The queue object’s default maximum batch size is eight, but there exists different defaults for the actual parts of rsyslog processing that utilize queues. So you need to check these object’s defaults.

Terminating Queues

Terminating a process sounds easy, but can be complex. Terminating a running queue is in fact the most complex operation a queue object can perform. You don’t see that from a user’s point of view, but its quite hard work for the developer to do everything in the right order.

The complexity arises when the queue has still data enqueued when it finishes. Rsyslog tries to preserve as much of it as possible. As a first measure, there is a regular queue time out (queue.timeoutshutdown, specified in milliseconds): the queue workers are given that time period to finish processing the queue.

If after that period there is still data in the queue, workers are instructed to finish the current data element and then terminate. This essentially means any other data is lost. There is another timeout (queue.timeoutActionCompletion, also specified in milliseconds) that specifies how long the workers have to finish the current element. If that timeout expires, any remaining workers are cancelled and the queue is brought down.

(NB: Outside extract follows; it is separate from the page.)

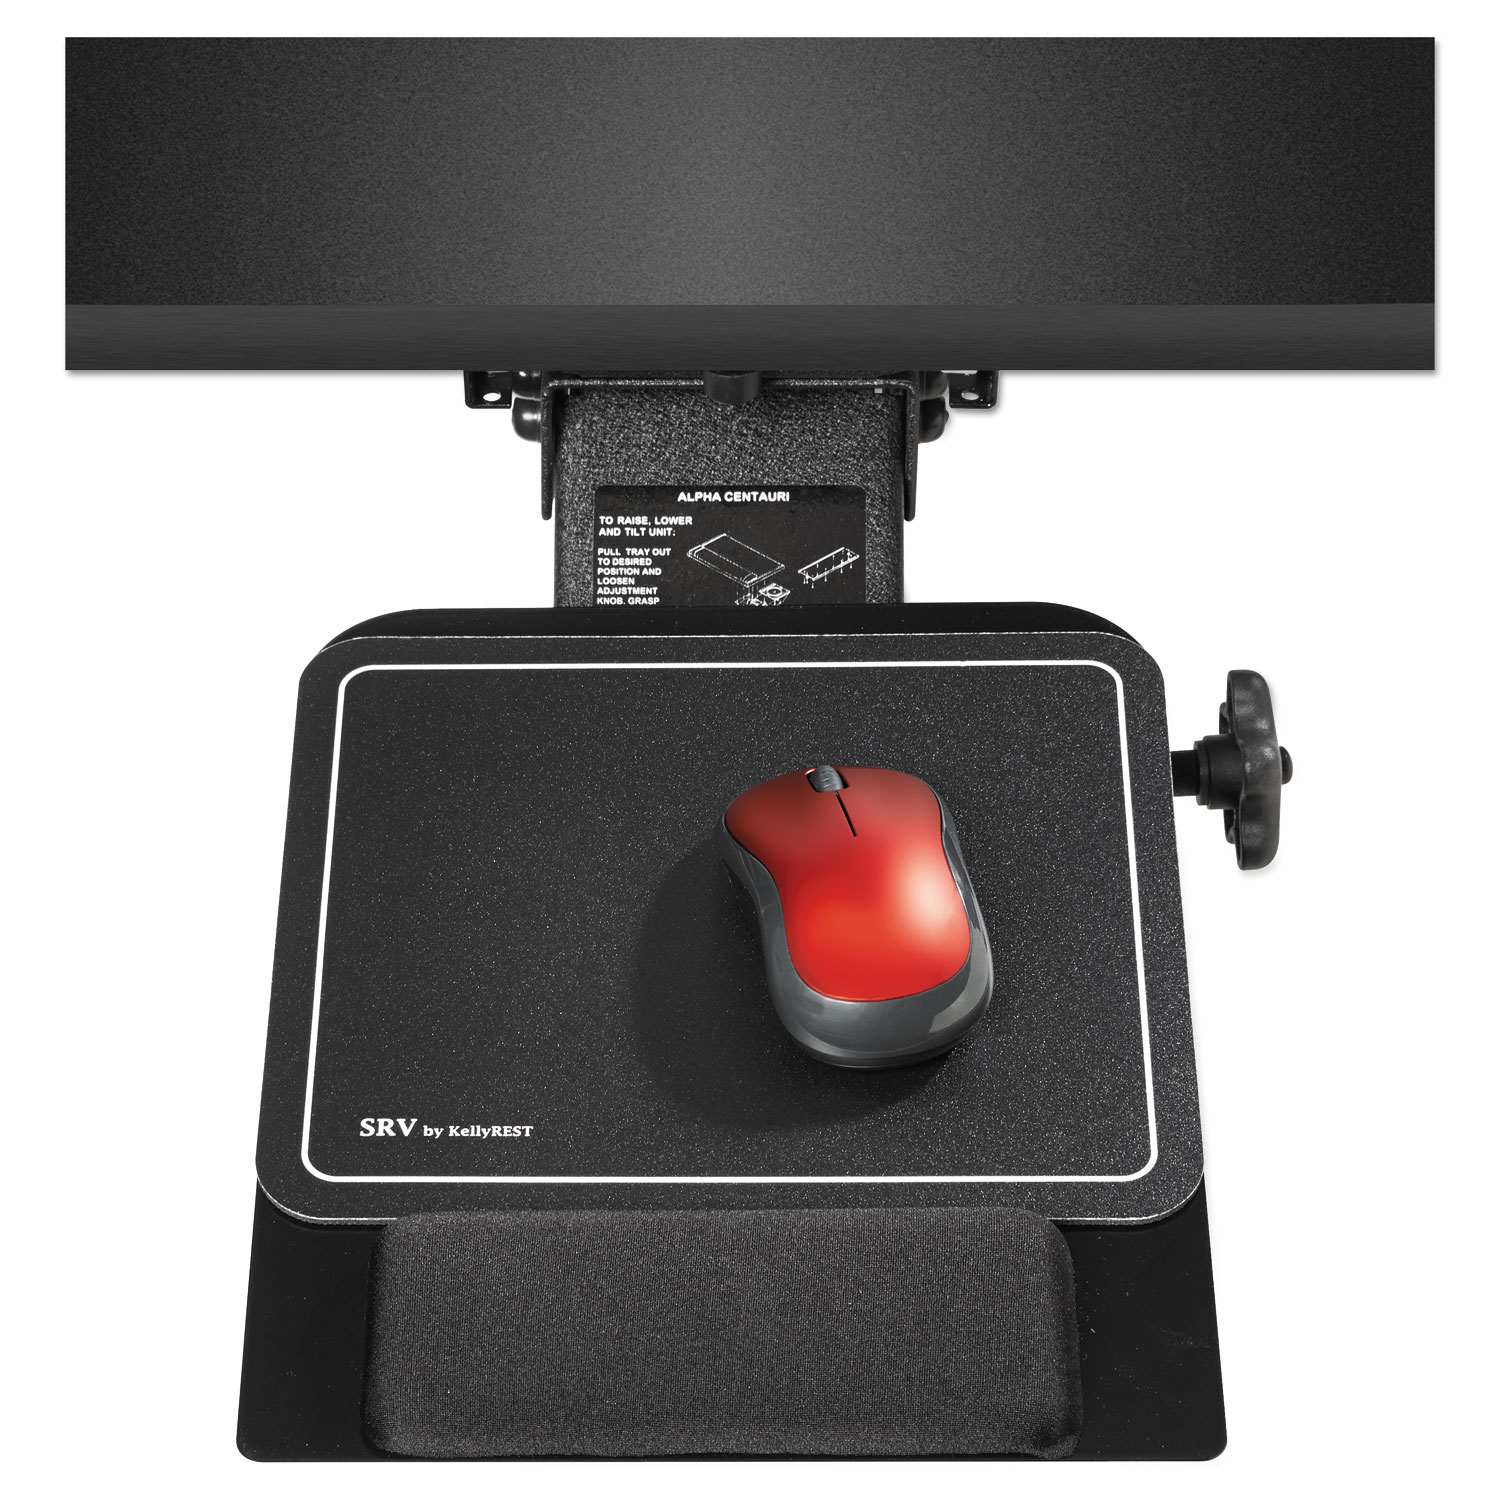 Adjustable Under Desk Mount Mouse Platform, 9-1/2 x 11, Black
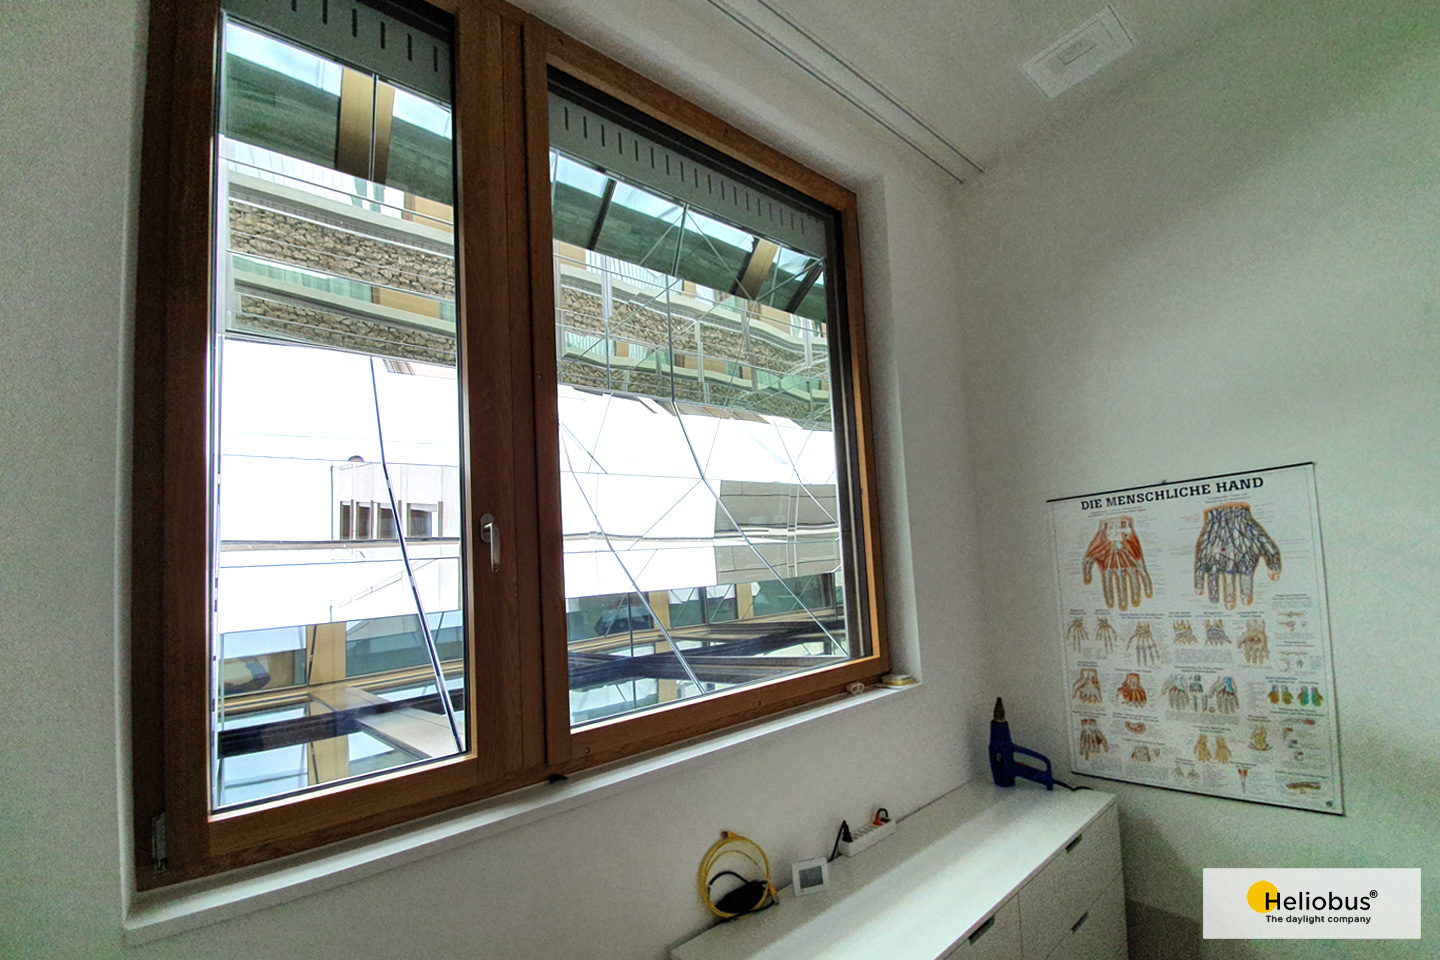 Heliobus Spiegelschacht Tageslichtversorgung für Praxisräume im Untergeschoss.

If you do not like to lose data on shutdown, the queue.saveOnShutdown parameter can be set to “on”. This requires either a disk or disk-assisted queue. If set, rsyslogd ensures that any queue elements are saved to disk before it terminates. This includes data elements that were being processed by workers that needed to be cancelled due to too-long processing. For a large queue, this operation may be lengthy. No timeout applies to a required shutdown save.

Conceptual model

  • Queues decouple producers and consumers so message flow continues even when downstream actions stall.

  • Each queue instance is typed (direct, memory, disk, disk-assisted) to trade throughput, latency, and durability.

  • Direct queues act as synchronous pass-through channels, enabling return-code propagation for backup actions.

  • Memory queues prioritize low latency and throughput, with LinkedList vs. FixedArray implementations balancing footprint and CPU cost.

  • Disk queues persist every element to chunked files, favoring durability over performance and bypassing in-memory buffering.

  • Disk-assisted queues layer a memory primary queue with a spillover disk queue, governed by high/low watermarks to avoid unnecessary writes.

  • Worker thread pools dequeue elements in batches, scaling concurrency based on backlog while respecting configured limits.

  • Flow control uses enqueue timeouts, discard watermarks, and optional rate limiting to bound resource use under pressure.

  • Shutdown sequencing uses timeouts and optional save-on-shutdown persistence to minimize data loss during termination.